Cloud and ISO images lag behind the security archive. Run the update first so every tool you install next pulls current versions.

sudo apt update
sudo apt -y full-upgrade
sudo apt -y autoremove

If full-upgrade pulls in a new kernel, reboot once so subsequent work runs against the current kernel:

sudo systemctl reboot

Add a sudo user (skip the visudo mistake)

Debian’s installer does not offer to grant sudo during setup, so most fresh installs have a primary user with no elevation. The fix is one command, not an editor session.
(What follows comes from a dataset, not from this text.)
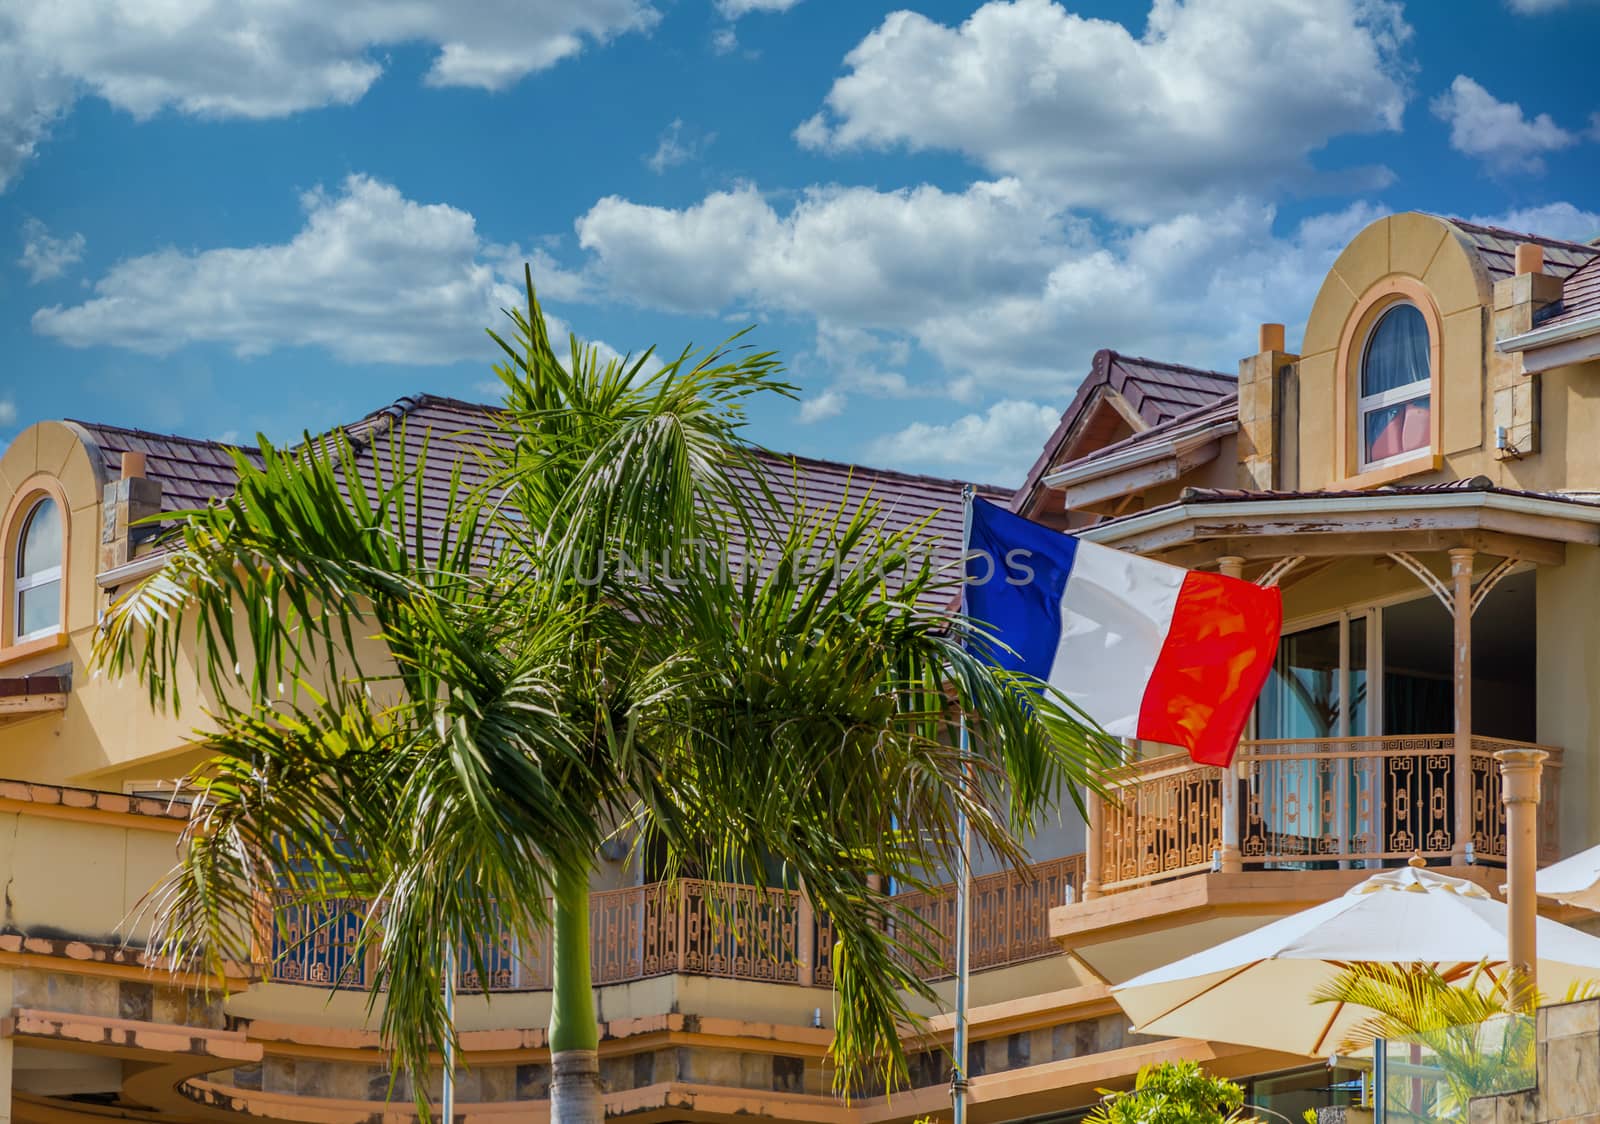 The French Flag Flying in Tropical Seaport of Marigot, Saint Martin

If you need to create the account from scratch, use adduser (the interactive Debian wrapper), then add the account to the sudo group:

sudo adduser deploy
sudo usermod -aG sudo deploy

Test it before logging out of root, otherwise you can lock yourself out if the sudo group is not configured as expected:

su - deploy
sudo whoami

A return of root means elevation works. If you prefer passwordless sudo for an automation account, drop a file under /etc/sudoers.d/ instead of editing /etc/sudoers directly:

echo "deploy ALL=(ALL) NOPASSWD:ALL" | sudo tee /etc/sudoers.d/90-deploy
sudo chmod 440 /etc/sudoers.d/90-deploy
sudo visudo -c

The final visudo -c parses every sudoers file and will flag a broken one before you reboot into a locked system.

Set the hostname, timezone, and locale

A server named debian is noise in your monitoring dashboard. Set a meaningful hostname, a timezone that matches your logs, and a UTF-8 locale so Python and Docker do not throw encoding warnings.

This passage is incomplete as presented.